Exercise goal
Drop the images. Copy every line below character for character.

Available data

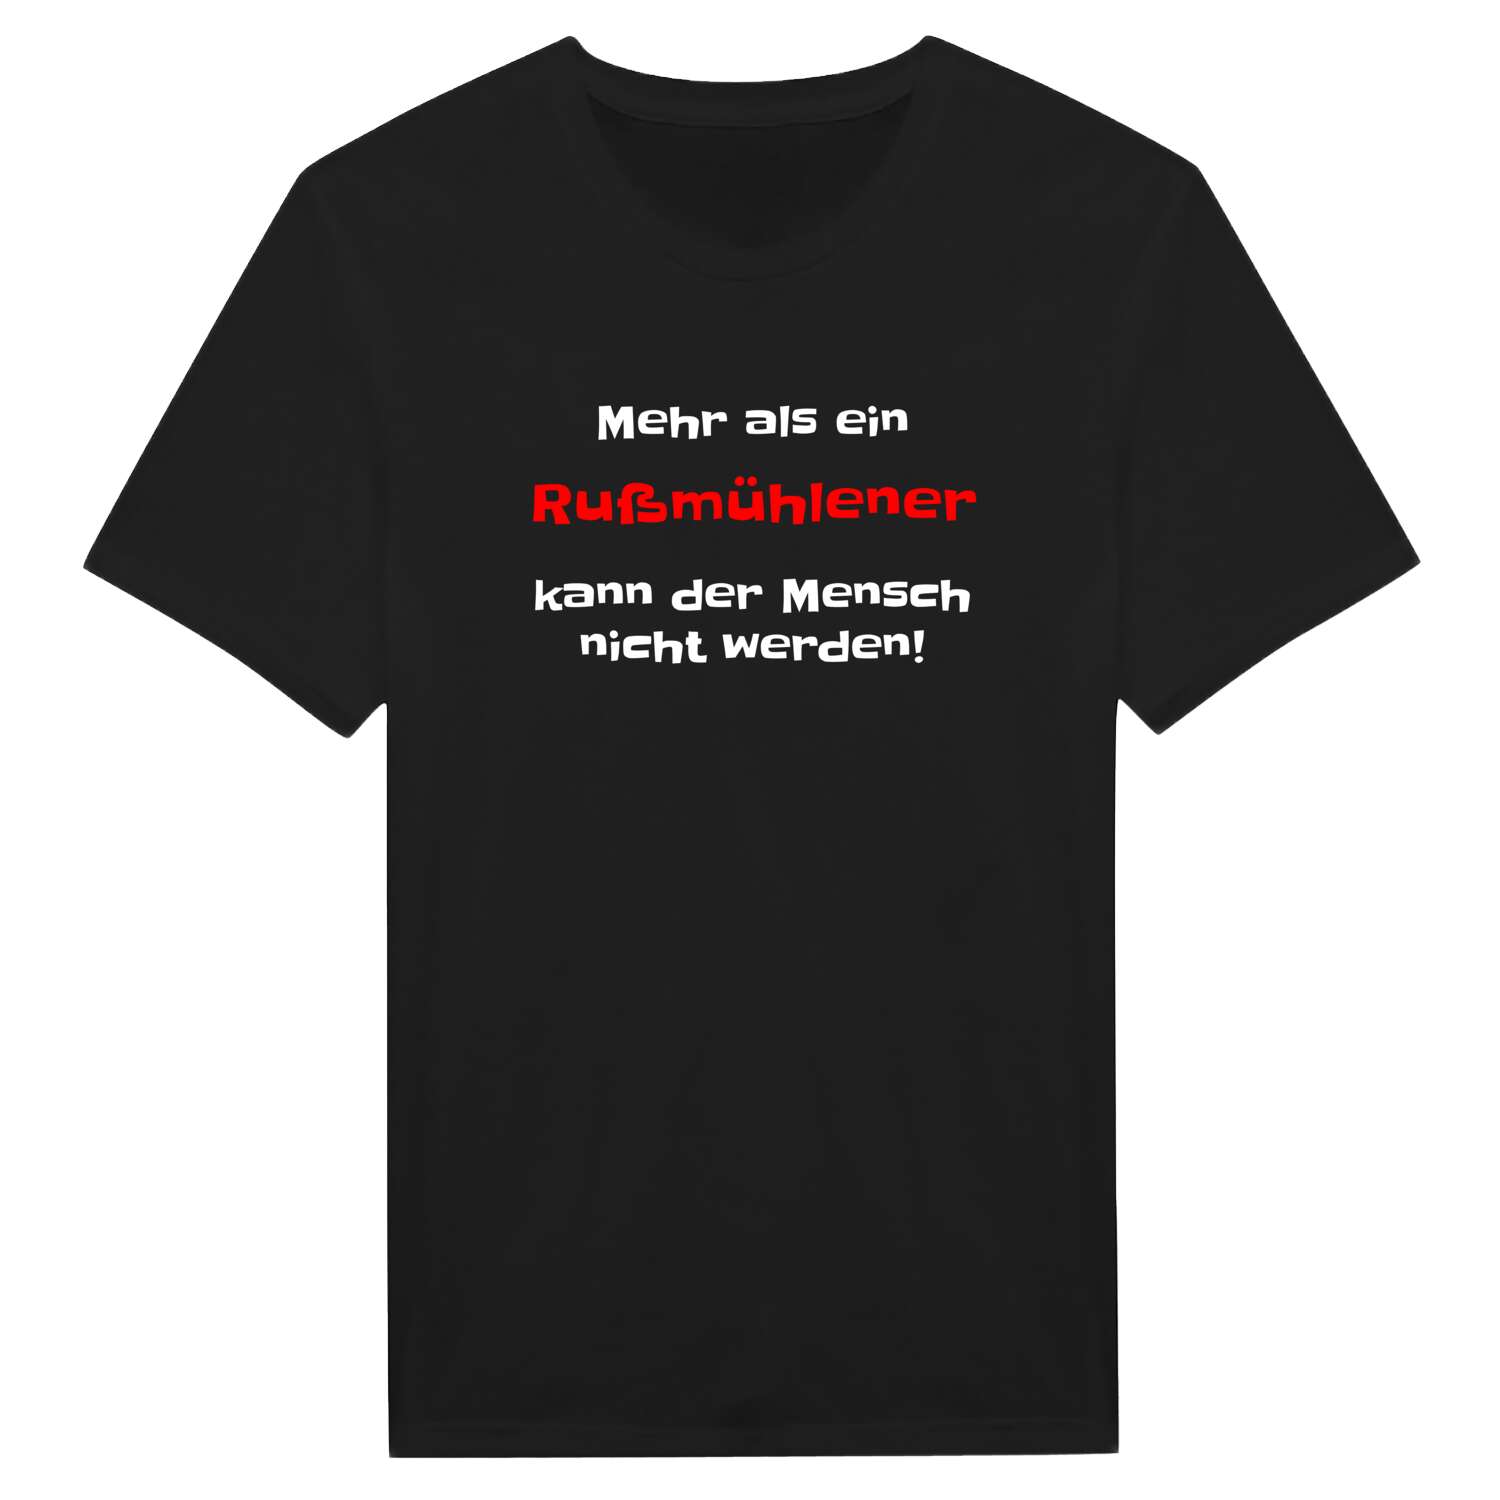 Rußmühle T-Shirt »Mehr als ein«
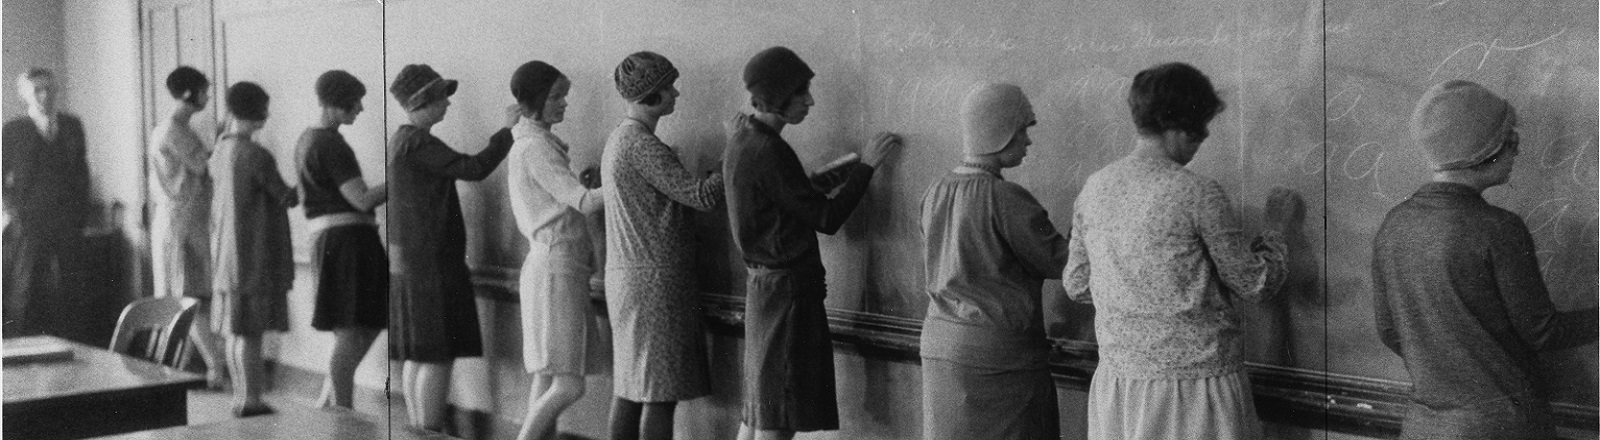 Vintage photo of student teachers
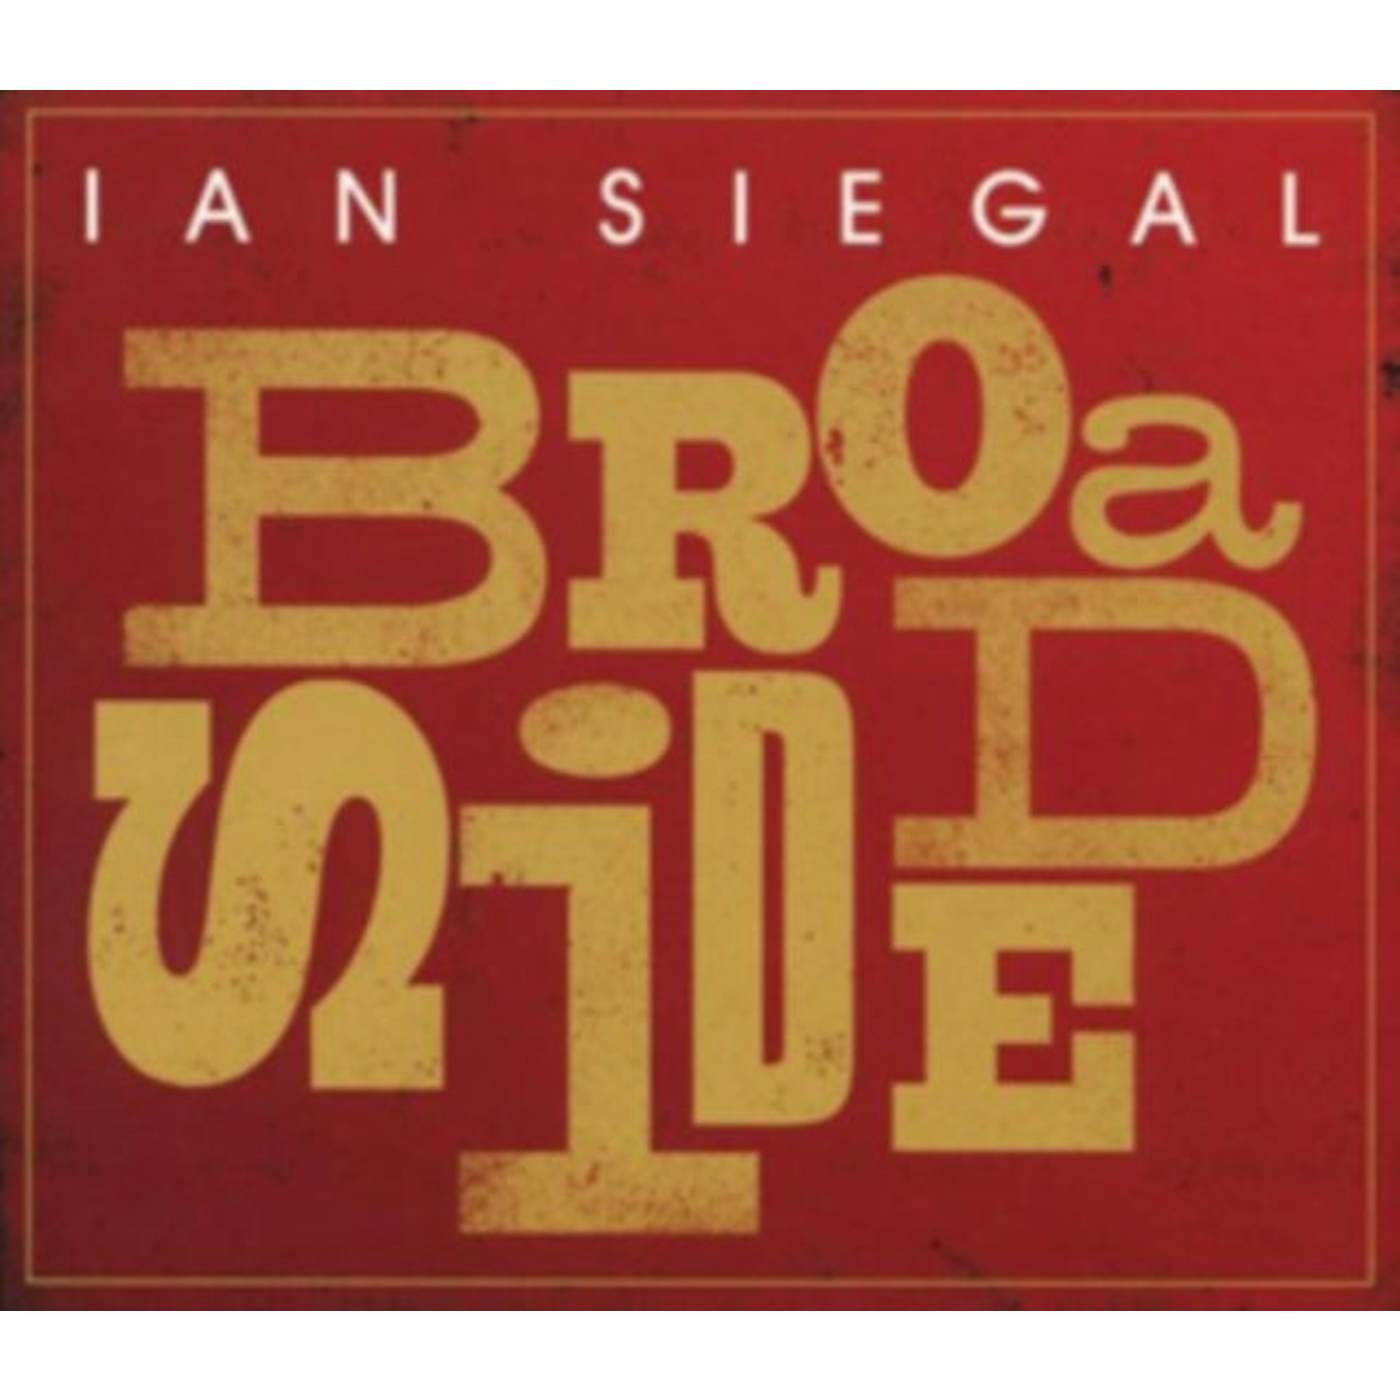 Ian Siegal CD - Broadside

Output
 Rußmühle T-Shirt »Mehr als ein«
 Vintage photo of student teachers
 Ian Siegal CD - Broadside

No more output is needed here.